Be Curious About Your Compute
After facing a blocker related to hardware, I decided to deep dive into it: An Explainer
Hardware Often Takes The Backseat
I've been a software guy throughout my journey and rarely I've tried to lift the curtain up and focus on the hardware. Those rare times probably happened during my IOT study sessions at my engineering course.
Most of the blockers I've ever faced during my AI engineering journey, have been related to software. Broken drivers, unpatched source code, outdated libraries and of course classic python quirks.
But one day I faced a blocker, obviously not knowing that it was hardware related. At my internship, I was trying to draw inference from an Automatic1111 server on AWS, the server was equipped with two specific diffusion models, one was SDXL (very heavy) another was an SD1.5 (lighter). However drawing inference from one model caused the next inference from the second model to be very slow. My first reaction was that it was because of caching.
But after debugging this issue, I learned that this was expected behavior by Automatic1111 module. It loaded a model into VRAM and "kept it hot" for fast inference then loaded the second model, hence resulting in slow inference.
That day I learnt that understanding and knowing the relation between the software and hardware interactions goes a long way.
"Not thinking about the hardware" is something I observe a lot from peers and engineers. So, I had the idea to write this blog.
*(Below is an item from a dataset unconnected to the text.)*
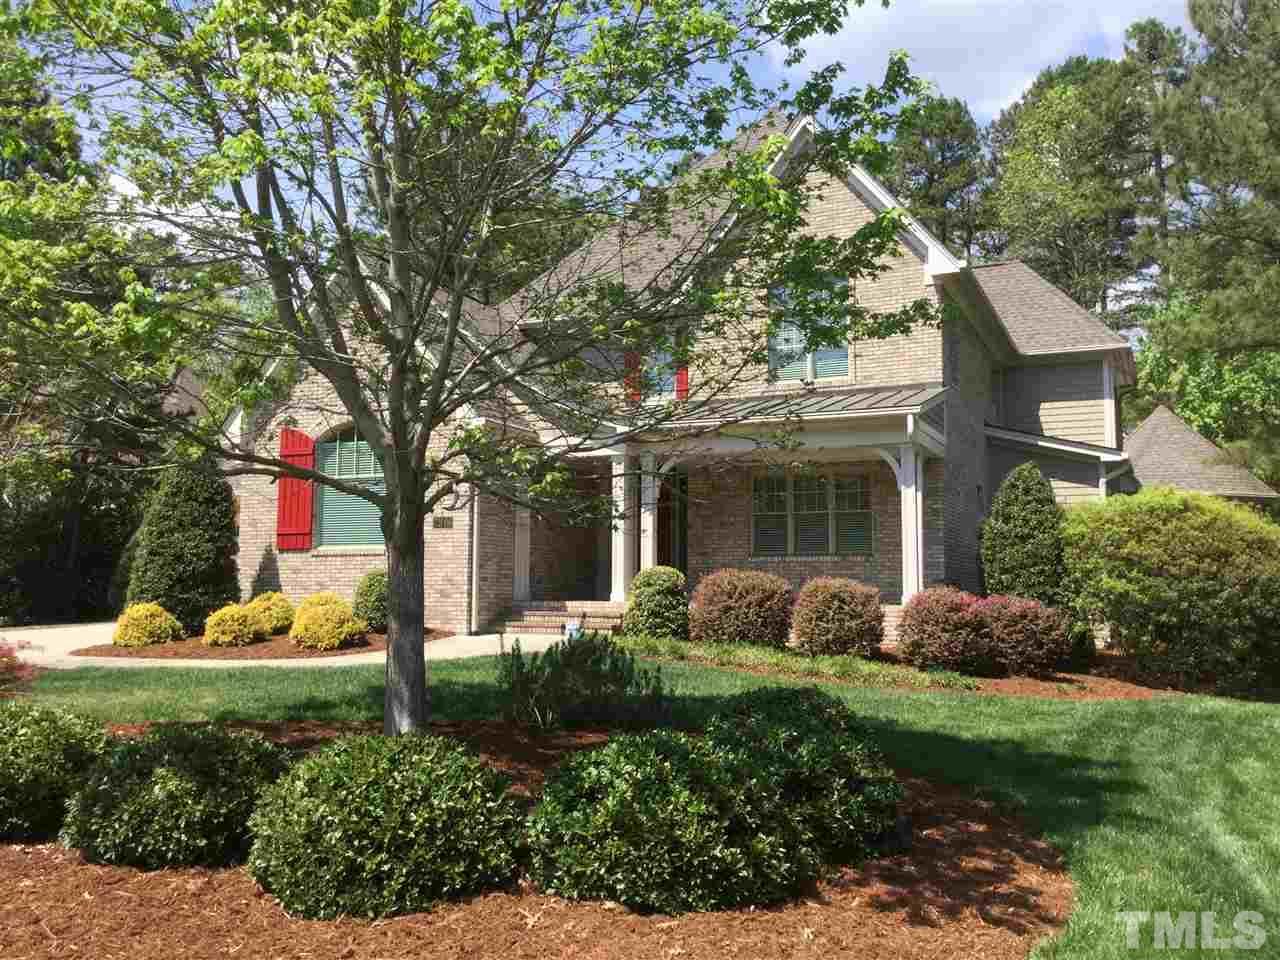 72006 Wilkinson, Chapel Hill, NC 27517

Types Of Available Hardware
CPU vs GPU vs TPU
Aspect | CPU | GPU | TPU |
---|---|---|---|
Role | General-purpose processor, brain of the computer | Originally for graphics, now massively parallel compute | Custom ASIC by Google for tensor operations & deep learning |
Cores | Few powerful cores (2–64, more in servers) | Thousands of lightweight cores (A100 ~7,000+) | Systolic arrays with Matrix Multiply Units (MXUs) |
Execution Model | Low-latency, sequential, strong branch handling | SIMT/SIMD, warp scheduling, high throughput | Data flows across systolic array; highly specialized instructions |
Memory | Large cache hierarchy, moderate bandwidth | High-bandwidth VRAM (HBM/GDDR), smaller caches, bulk data optimized | HBM tightly coupled with compute; optimized for DL precision formats |
Strengths | Versatile, single-thread performance, task switching | Matrix/vector math, AI/ML training, rendering, high throughput | Extremely efficient at AI training/inference, high perf-per-watt |
Weaknesses | Limited parallelism, not efficient for massive matrix ops | Poor at branch-heavy sequential code, higher latency, needs CUDA/OpenCL | Not general-purpose, tied to Google ecosystem, less flexible |
AI or any computationally expensive workload, requires extremely high throughput as the calculations are extremely straight forward (matmul, gradient averages, dot products, etc...) unlike the calculations the CPU does which includes complex branching logic and minimal latency. Hence GPUs and TPUs are extremely popular choices.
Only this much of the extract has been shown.